In the rubble of Mosul, November 2017 (European Commission DG ECHO / Flickr)

On February 7, 1968, American bombs and rockets destroyed much of the South Vietnamese city of Ben Tre, killing between 500 and 1,000 civilians. Later that day, an unnamed American officer reportedly told AP reporter Peter Arnett that “It became necessary to destroy the town to save it.” The quote’s authenticity was later called into question, but not before it became famous, or infamous—it was the perfect description of what we were doing in Vietnam. Ben Tre had been infiltrated by Viet Cong fighters, and “allied commanders” decided, Arnett wrote, “that regardless of civilian casualties, they must bomb and shell the once placid river city of 35,000 to rout the Viet Cong forces.” They also routed the city’s inhabitants, creating, in addition to the dead, many thousands of refugees. Who, exactly, was saved?

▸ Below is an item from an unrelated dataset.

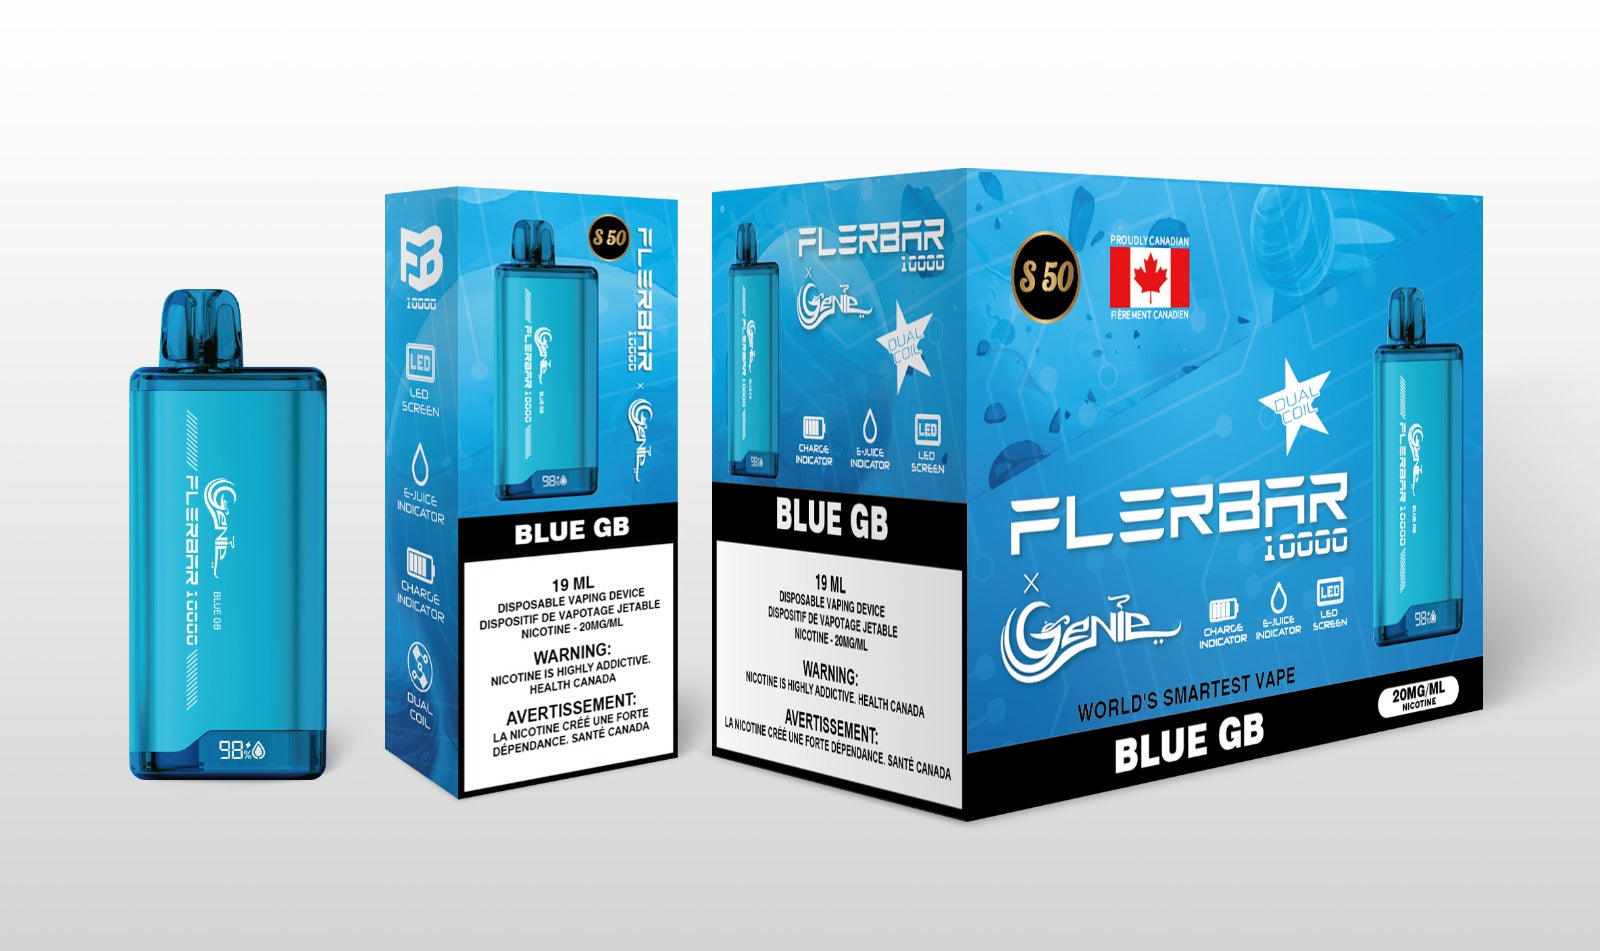 Genie 10000 flerbar - 10000 PUFFS  20 mg / mL Salt Nicotine  Juice Capacity: 19 mL  Dual Coil  Charge Indicator  E- Juice Indicator  LED Screen  Blue GB s50

Late in 2017, a group of AP reporters (Susannah George, Qassim Abdul-Zahra, Maggie Michael, and Lori Hinnant) posted an account of the destruction of Mosul that consciously echoes the Ben Tre story. The headline was “Mosul is a graveyard: Final IS battle kills 9000 civilians.” As the battle raged, the four reporters wrote, “Iraqi officials and the U.S.-led coalition could see that civilian deaths were spiking, but [they] held the course. The result, in Mosul and later in [IS’s] Syrian stronghold of Raqqa, was a city left in ruins by the battle to save it.”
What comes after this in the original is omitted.